A.8 Proof of Theorem 14

We restate Theorem 14 for convenience. Recall that we write $\|\boldsymbol{\mu}\|=\kappa\sigma$ for some $\kappa>0$ .

Theorem.

	$\displaystyle h_{i}^{\prime}=\sum_{j\in N_{i}}\gamma_{ij}\tilde{\boldsymbol{w}}^{T}\mathbf{X}_{j}>0\;\mbox{if and only if}\;\tilde{\boldsymbol{w}}^{T}\mathbf{X}_{i}>0,\;\forall i\in[n],$
	$\displaystyle h_{i}^{\prime}=\sum_{j\in N_{i}}\gamma_{ij}\tilde{\boldsymbol{w}}^{T}\mathbf{X}_{j}<0\;\mbox{if and only if}\;\tilde{\boldsymbol{w}}^{T}\mathbf{X}_{i}<0,\;\forall i\in[n].$

We will condition on the following two events concerning the values of $\tilde{\boldsymbol{w}}^{T}\mathbf{X}_{i}$ for $i\in[n]$ . Both events hold with probability at least $1-o(1)$ . First, for $\epsilon>0$ consider the event

\left\{\tilde{\boldsymbol{w}}^{T}\mathbf{X}_{i}\not\in[-\epsilon\sigma\max\{1,\kappa\},\epsilon\sigma\max\{1,\kappa\}]\ \mbox{for all}\ i\in[n]\right\}.

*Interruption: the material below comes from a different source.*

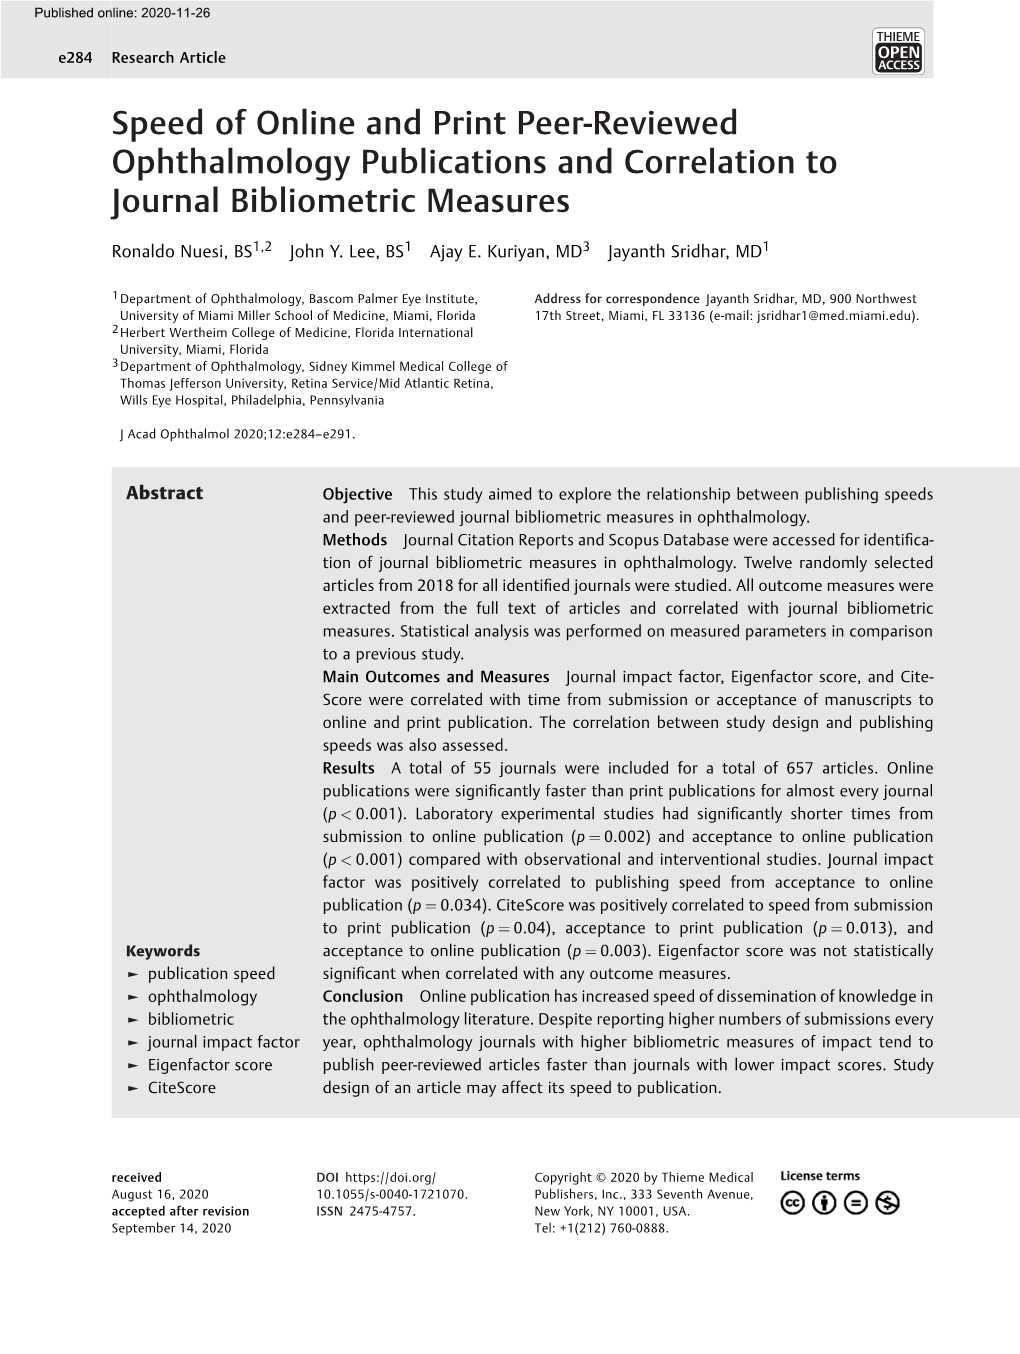 Speed of Online and Print Peer-Reviewed Ophthalmology Publications and Correlation to Journal Bibliometric Measures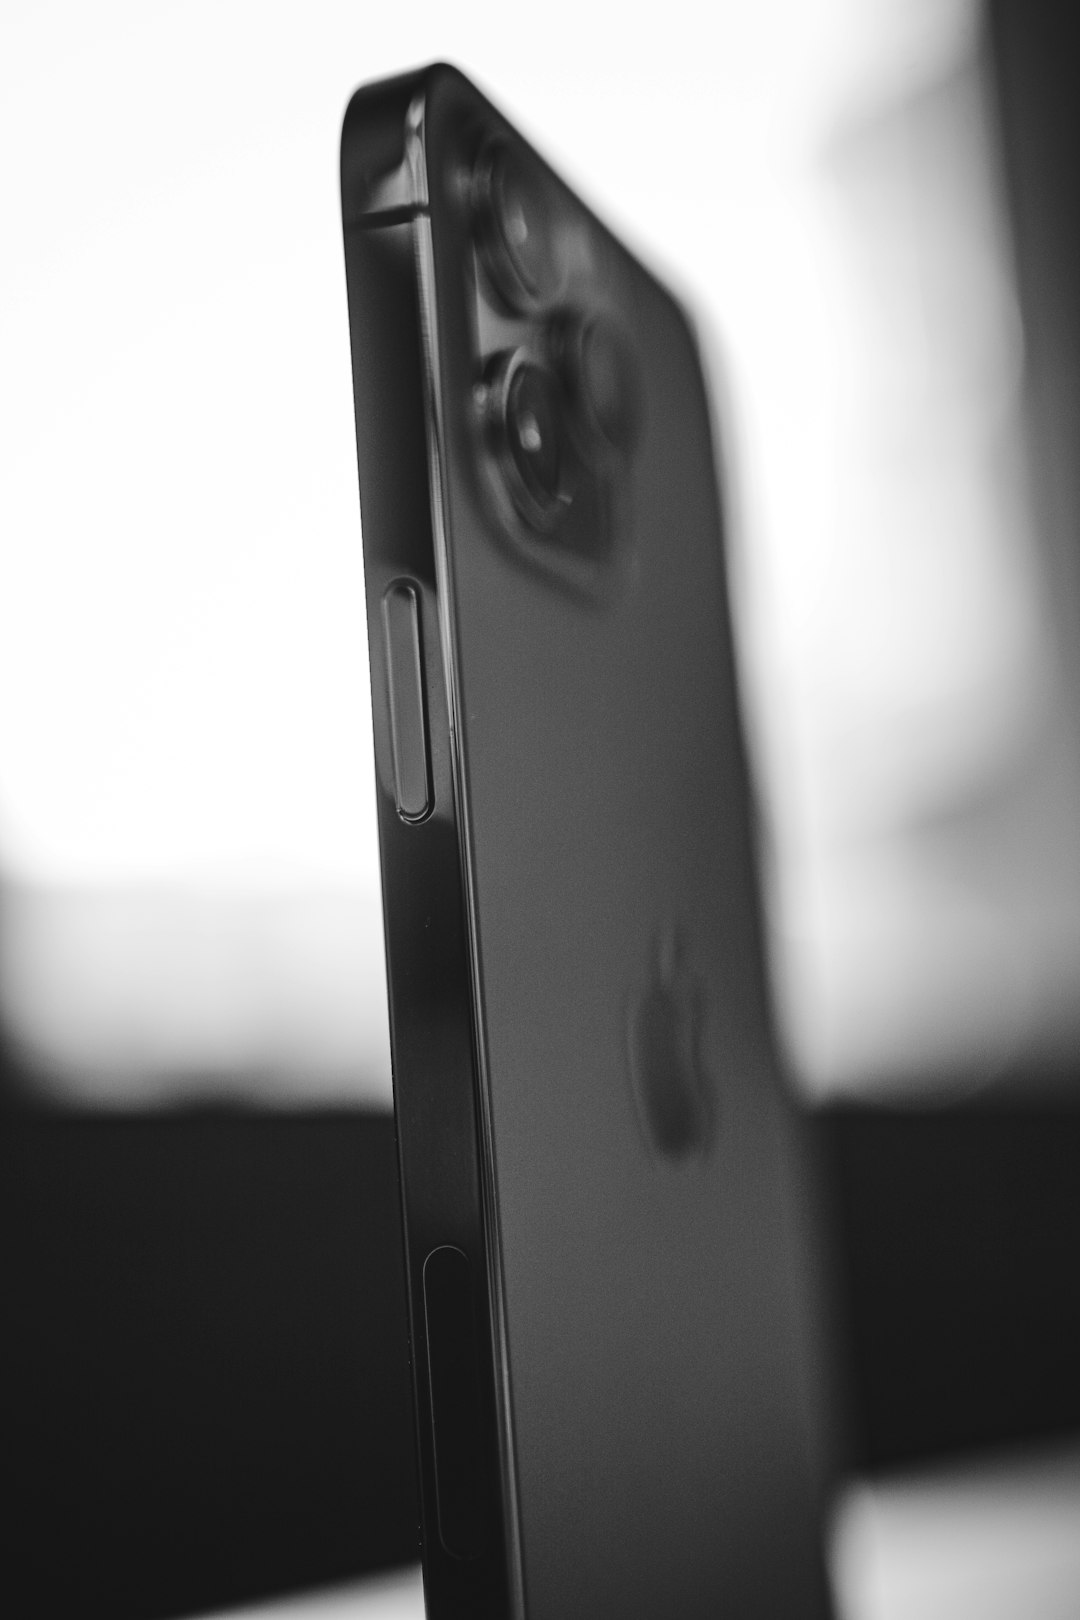 black and white photo of a smartphone

Since $\tilde{\boldsymbol{w}}=\boldsymbol{\mu}/\|\boldsymbol{\mu}\|$ and $\|\boldsymbol{\mu}\|=\kappa\sigma$ , each $\tilde{\boldsymbol{w}}^{T}\mathbf{X}_{i}$ follows a normal distribution with mean $\epsilon_{i}\kappa\sigma$ and variance $\sigma^{2}$ (recall that $\epsilon_{i}\in\{0,1\}$ generates the node memberships in CSBM), we have that

	$\displaystyle\operatorname{{\bf Pr}}\left(-\epsilon\sigma\max\{1,\kappa\}\leq\tilde{\boldsymbol{w}}^{T}\mathbf{X}_{i}\leq\epsilon\sigma\max\{1,\kappa\}\right)$	$\displaystyle=\int_{\kappa-\epsilon\max\{1,\kappa\}}^{\kappa+\epsilon\max\{1,\kappa\}}\frac{1}{\sqrt{2\pi}}e^{-x^{2}/2}dx$
		$\displaystyle\leq\left\{\begin{array}[]{ll}\sqrt{\frac{2}{\pi}}\epsilon,&\mbox{if}\ \kappa\leq 1,\\ \sqrt{\frac{2}{\pi}}e^{-\kappa^{2}(1-\epsilon)^{2}/2}\epsilon\kappa,&\mbox{if}\ \kappa>1.\end{array}\right.$

Let us pick $\epsilon$ such that

\displaystyle\epsilon=\frac{1}{n\sqrt{\log n}}\;\ \mbox{if}\;\ \kappa\leq 2\sqrt{\log n},\quad\mbox{and}\quad\epsilon=\frac{1}{4}\;\ \mbox{if}\;\ \kappa>2\sqrt{\log n}.

This gives that

\operatorname{{\bf Pr}}\left(\tilde{\boldsymbol{w}}^{T}\mathbf{X}_{i}\not\in[-\epsilon\sigma\max\{1,\kappa\},\epsilon\sigma\max\{1,\kappa\}]\ \mbox{for all}\ i\in[n]\right)\geq 1-n\cdot o(1/n)=1-o(1).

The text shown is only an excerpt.